Sony Corp (ADR) (NYSE:SNE), during its Friday’s current trading session decreased -2.09% to $28.51.
Sony Corp.’s plan for its first share sale in 26 years is straining investors’ faith in Chief Executive Officer Kazuo Hirai’s ability to deliver on growth promises.
The company plans to raise about 440 billion yen ($3.6 billion) by selling common stock and convertible bonds to assist finance an enhance in production of image sensors used in smartphones, Sony said Tuesday in a statement. The stock, which has doubled in the past year, dropped the most since September after the declarement.
The fundraising comes as Hirai is midway through a turnaround. He’s improved profit by cutting costs and generating more revenue from image sensors and PlayStation games, rebuilding confidence in a company that cut its earnings outlook 15 times in the past seven years. Still, investors are concerned about the size and timing of the offerings without more proof it can produce growth.

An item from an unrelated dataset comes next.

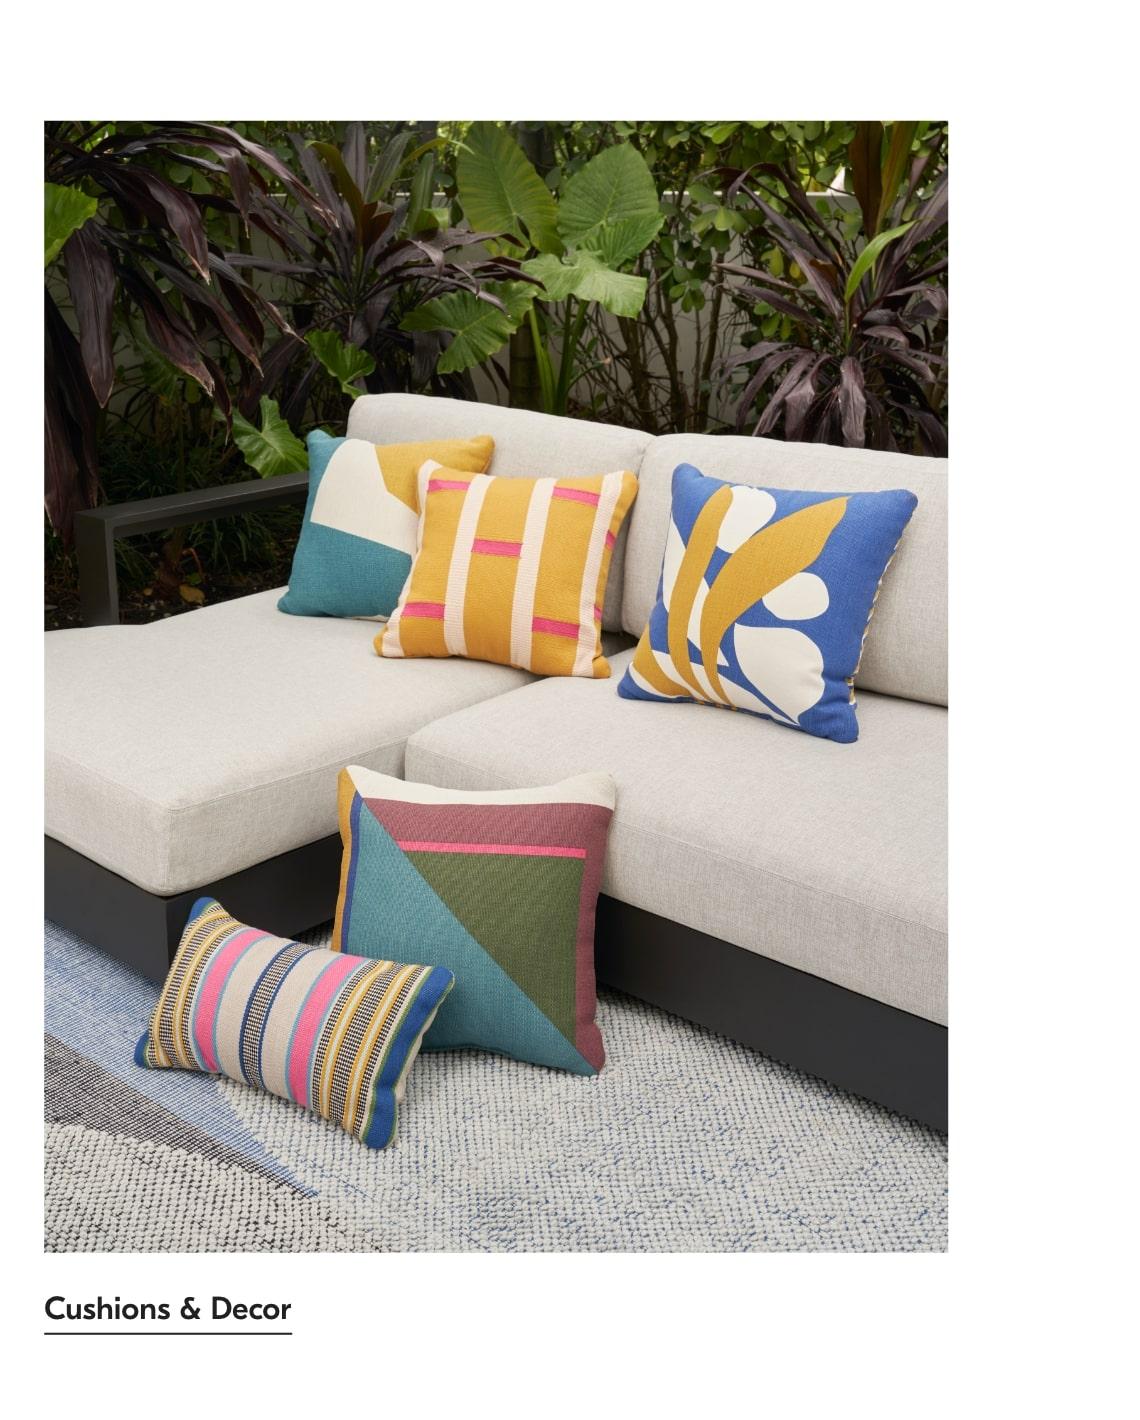 garden cushions & decor 
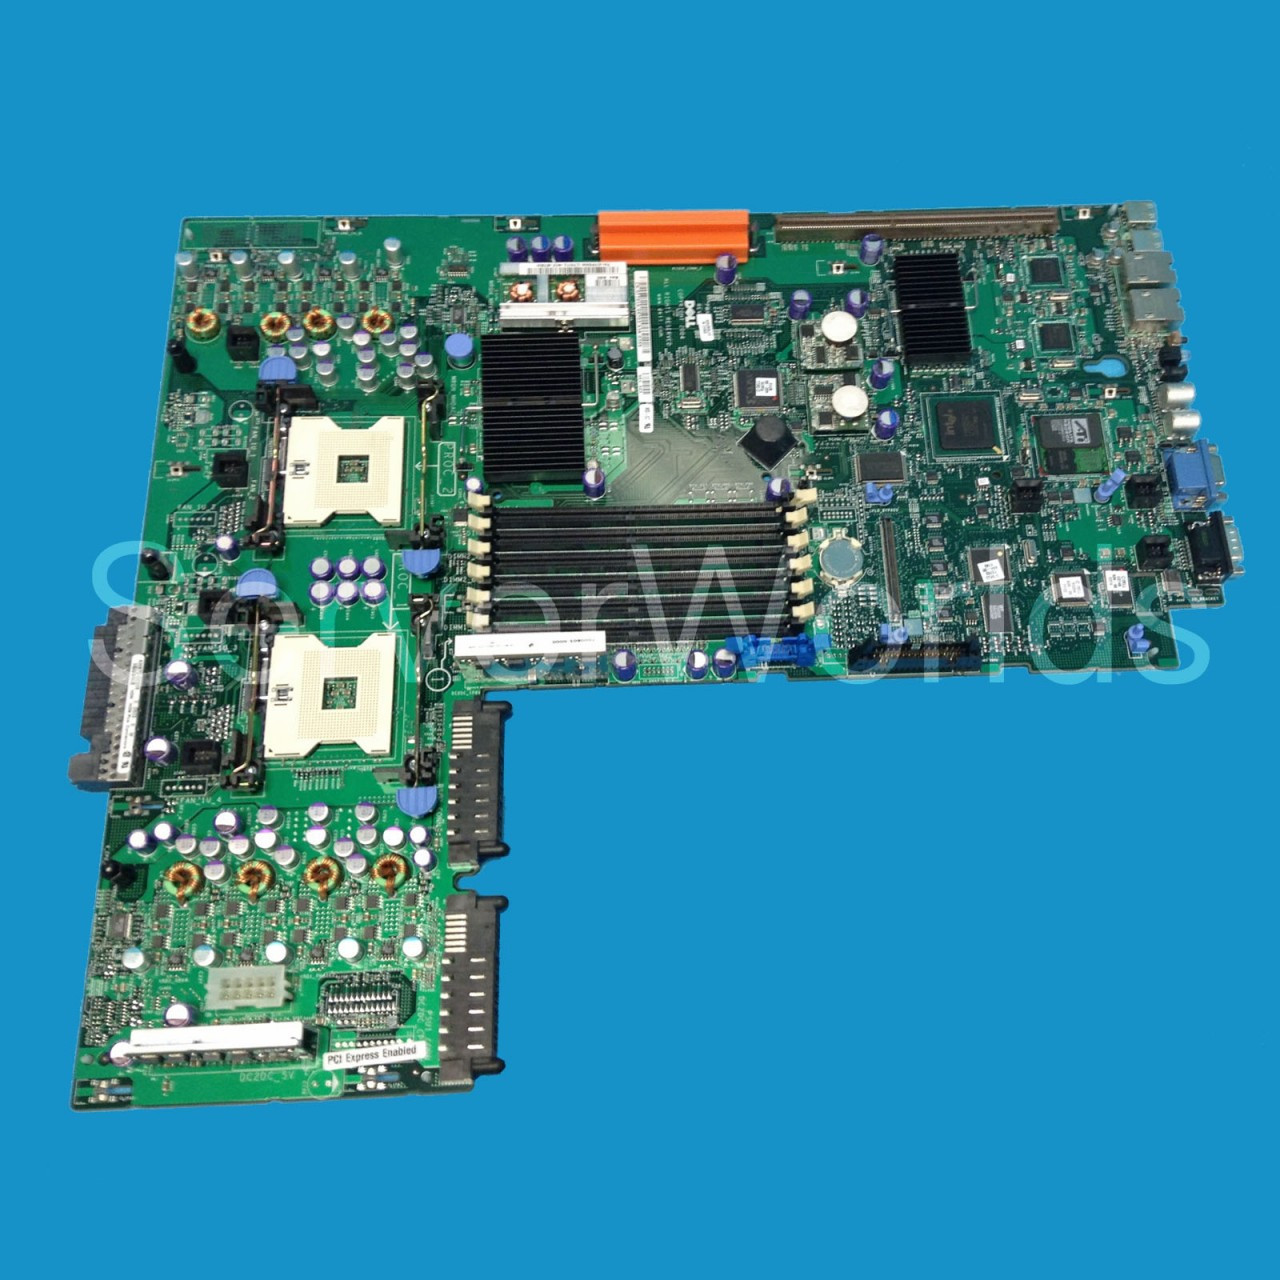 Dell T7916 Poweredge 2800 2850 System Board

Sony dropped 8.3 percent, the most since Sept. 18., to 3,461.5 yen as of the close in Tokyo on Tuesday. The planned sales amount to about 10 percent of the company’s market value of about 4.1 trillion yen.
Sony Corporation designs, develops, manufactures, and sells electronic equipment, instruments, and devices for consumer, professional, and industrial markets worldwide. It offers LCD televisions; Blu-ray disc players and recorders, home audio, headphones, and memory-based portable audio devices; compact digital, interchangeable single-lens, and video cameras; professional solutions, such as broadcast- and professional-use products; and personal computers.
Finally, Honeywell International Inc. (NYSE:HON), decreased -0.13%, to $105.24.
Honeywell’s (HON) declared its support of the U.S. Environmental Protection Agency decision to restrict the use of high-global-warming hydrofluorocarbons (HFCs) in a variety of applications counting refrigerants, aerosols and foam insulation blowing agents. These actions will drive adoption of materials with radically lower global warming potentials.
According to the EPA, the projected rule would eliminate an estimated 54 to 64 million metric tons of carbon dioxide equivalent from the atmosphere in 2025. This is the equivalent of removing the carbon dioxide emissions from the annual electricity use of more than 5.8 million homes.
Honeywell International Inc. operates as a diversified technology and manufacturing company worldwide. Its Aerospace segment provides aircraft engines, integrated avionics, systems and service solutions, and related products and services for aircraft manufacturers and operators, airlines, military services, and defense and space contractors; and spare parts, and repair and maintenance services for the aftermarket.